Blimey, slightly OTT! She didn't avoid it, spoke to her friend repeatedly, her friend made it clear she was going to continue her behaviour and so rather than spend the rest of her holiday dealing with her friends rudeness, she skipped off to another hotel to enjoy the rest of her holiday in peace.

I think you might be a bit more into having a barny with people and flogging a dead horse than the OP. I think that's on you, not her. She confronted it, dealt with the conflict, assessed it was pointless continuing arguing about it and moved on.

I'm being completely sincere with the OP. As a one off strategy? I get it. She wants to avoid a conflict and enjoy her holiday. I just strongly suspect this is a pattern in the OP's life and I'm saying that without judgement.

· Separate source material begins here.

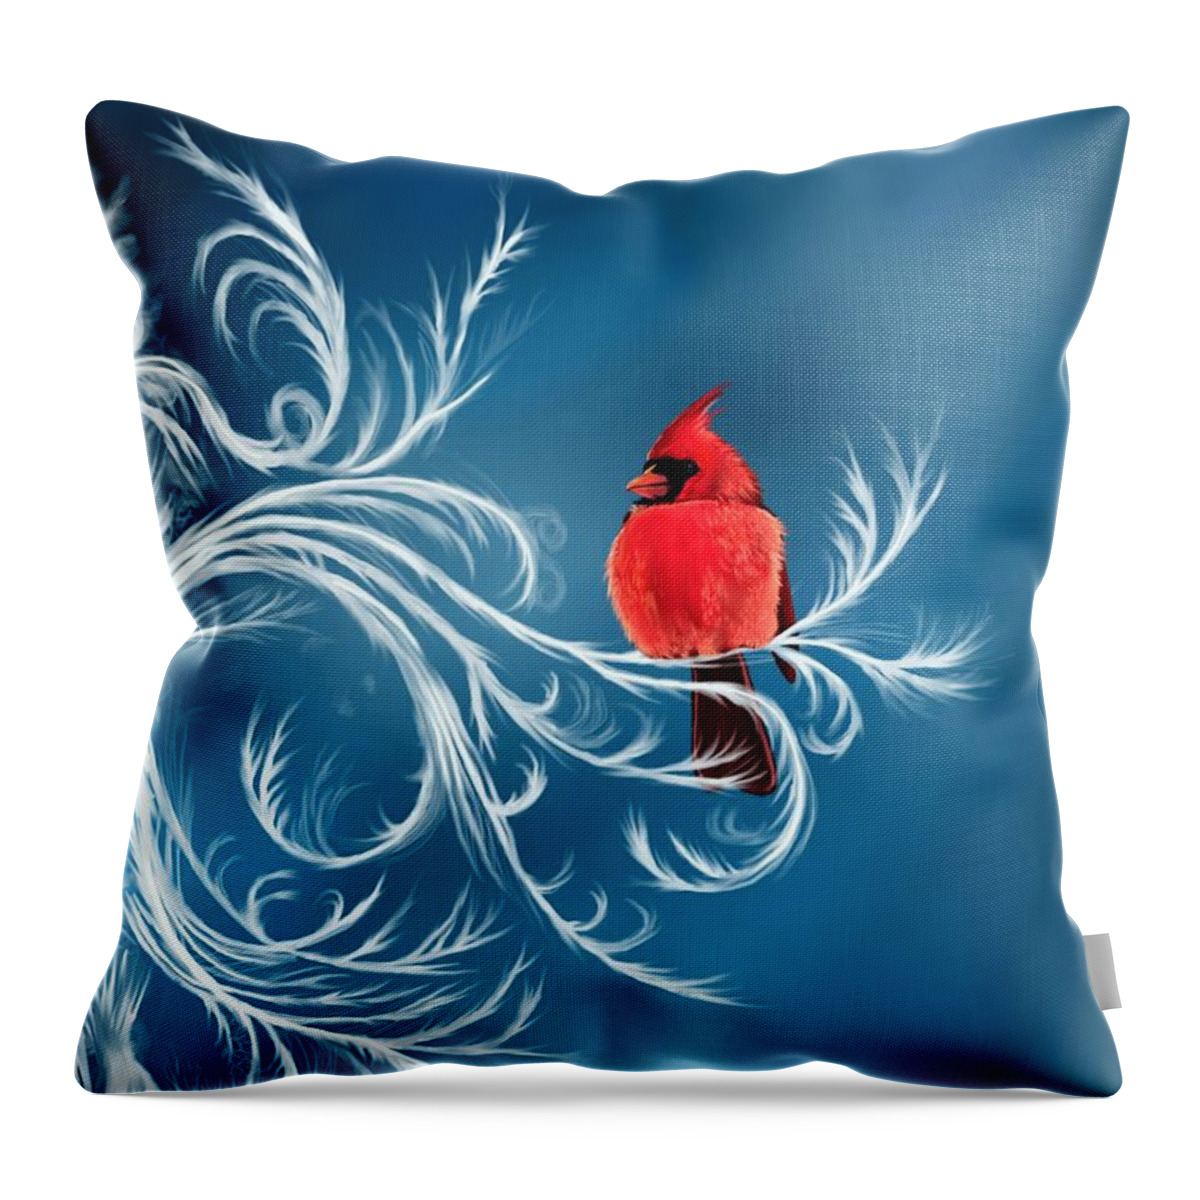 Bird Throw Pillow featuring the digital art Winter Cardinal by Norman Klein

Getting to the bottom of it will very likely be revealing - and reveal any other cheeky fuckery in her life in the process.

If my friend continued to behave like that I would tell her she was being a twat and ignore every request thereafter. Her reaction is hers not mine. I can't control hers I can only choose my own response. It wouldn't involve shelling out for a second hotel but maybe money is no object.

SquirrelSoShiny · 26/08/2023 14:43

AliceOlive · 26/08/2023 14:41

And become the type that makes a huge scene? the OP said everything she needed to say then made a old move to save the remainder of her holiday. No major drama needed.

There is actually a middle ground between huge scene and legging it. That's all I'm saying 🤷‍♀️

useitorlose · 26/08/2023 14:50

Well done OP I like your style!

Chickenkeev · 26/08/2023 14:50

YeOldeBuxomWench · 26/08/2023 13:52

She has either starved to death, or not responded to her message because she's left her phone somewhere and she can't be arsed to get it.